Many of his strong views, including his anger towards trophy hunters, are aired on his Twitter feed, where he has 3.7million followers.

On Twitter, Kevin has highlighted my own wildlife work.

Last year, I revealed the full horrors of “lion farming” in South Africa, where some 12,000 captive lions are bred either for their bones — largely to serve an Asian market — or as “trophies”, most killed in the pretence of a “hunt”.

In Africa, captive-bred lions now outnumber wild lions by around four to one.

I asked Kevin whether he is ashamed of how some people in the country of his birth abuse lions, the so-called “King Of The Jungle.”

He replied: “Absolutely right. I do not understand the end game, the end user, the person that pulls the trigger.

LION FARMING

“I do not understand how you would want to take money out of your pocket to shoot an animal that has been born and raised to be shot.

“I don’t understand the brain inside the head that says ‘Look at me in this photo’ [next to a dead wild animal — known as the ‘kill shot’].

“It’s just not a space that I live in. It’s just not a world that I live in.

“It’s pretty disgusting really to do such a thing. In this trophy photo, you see they [the so-called hunters] are smiling or laughing next to this majestic animal. For me it’s an absolute no-go.”

Kevin said that he has long been aware that lion farming and canned hunting exist in South Africa. “It is something that can be stopped and should be stopped.

“The human race doesn’t surprise me any more and that’s such a sad thing to say. There are some filthy people out there that don’t have any feeling for animals.”

Like me, Kevin wants the UK Government to change the law so that body parts of endangered species can no longer be imported into the country.

“I am 100 per cent against this importation,” he said.
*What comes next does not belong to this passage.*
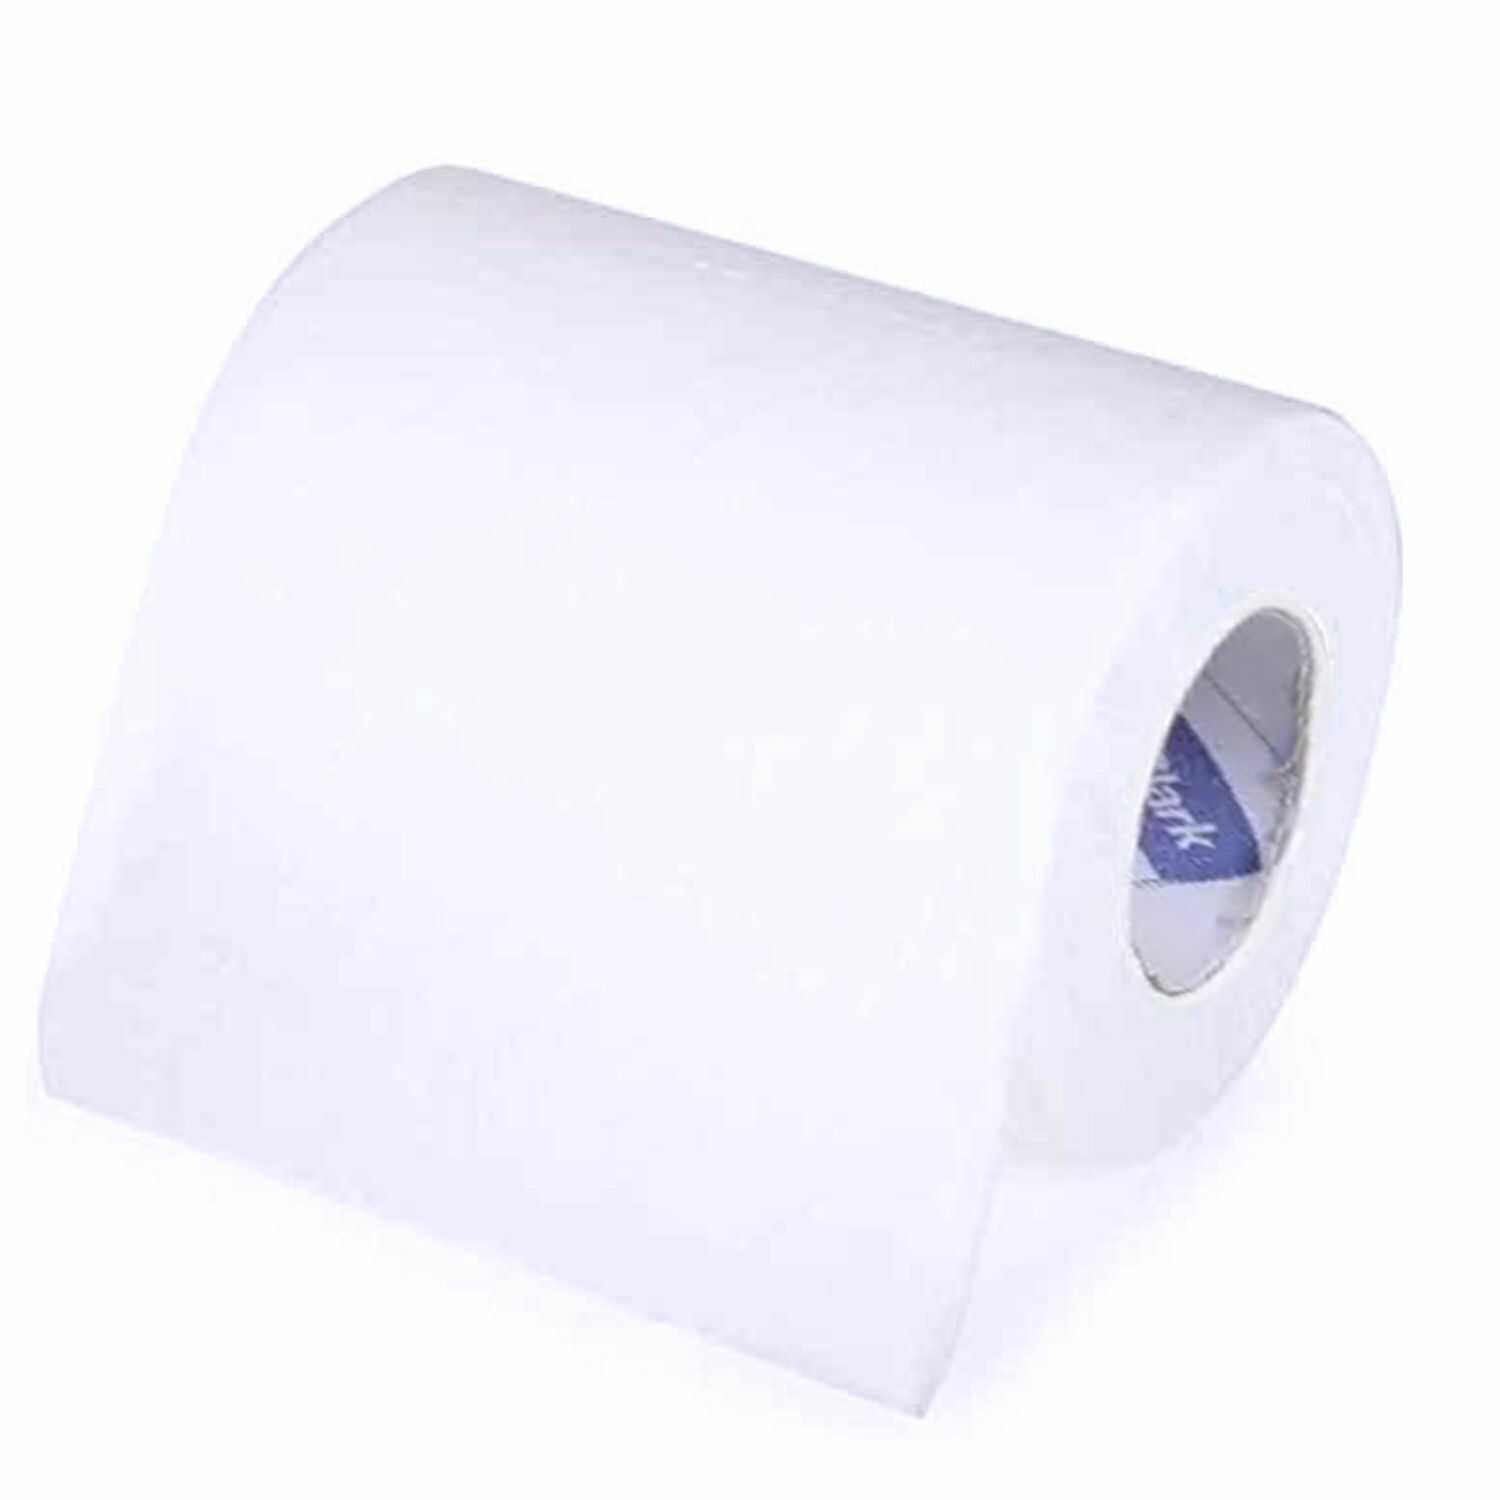 Kimberly Clark* Scott* Essential Bathroom Tissue Roll, 1192 (Pack of 150 Rolls/Case, 150 Sheets/Pack, Total 22,500 Sheets )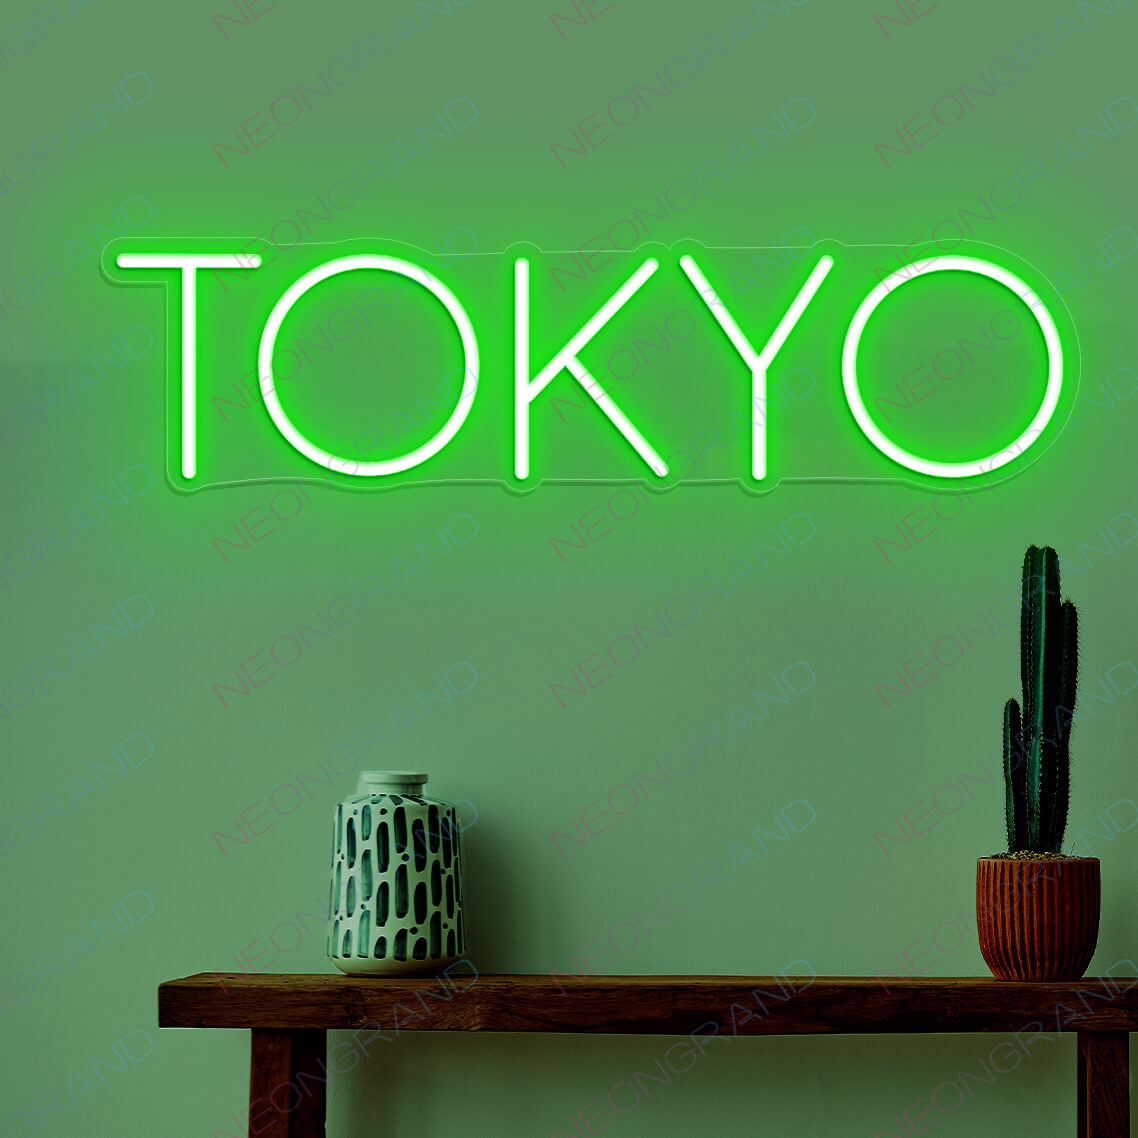 Tokyo Neon Sign Led Light, Japanese Neon Signs green

Kevin is disappointed the South African government and police have so far refused to act on information I supplied from two undercover investigations which I commissioned.

These resulted in my team secretly filming, and eventually identifying, many of those guilty of criminal offences.

Yet Kevin is not that surprised by the inaction.

“In all honestly, South Africa has such big issues — lack of electricity, blood-shedding, corruption within the government who have been looting the country for so many years, that I don’t think this wildlife issue is high on their agenda if I can be brutally honest,” he said, speaking shortly before the coronavirus pandemic.

My respect for Kevin and his work is immense.

Unlike many talented sportsman whose careers end because of age or injury, he has a real purpose to his life since retiring as a professional cricketer two years ago.

“I did almost everything in the game of cricket, but being able to be a huge voice and a campaigner to try to keep a species alive is . . . something that I love,” he said.

Kevin believes his work as a conservationist will be ongoing.

“I don’t think it will ever be complete. Unfortunately these horrible people are seeing so much financial gain from killing these animals that it is going to take a lot of amazing people to constantly keep banging the drum to save our animals.”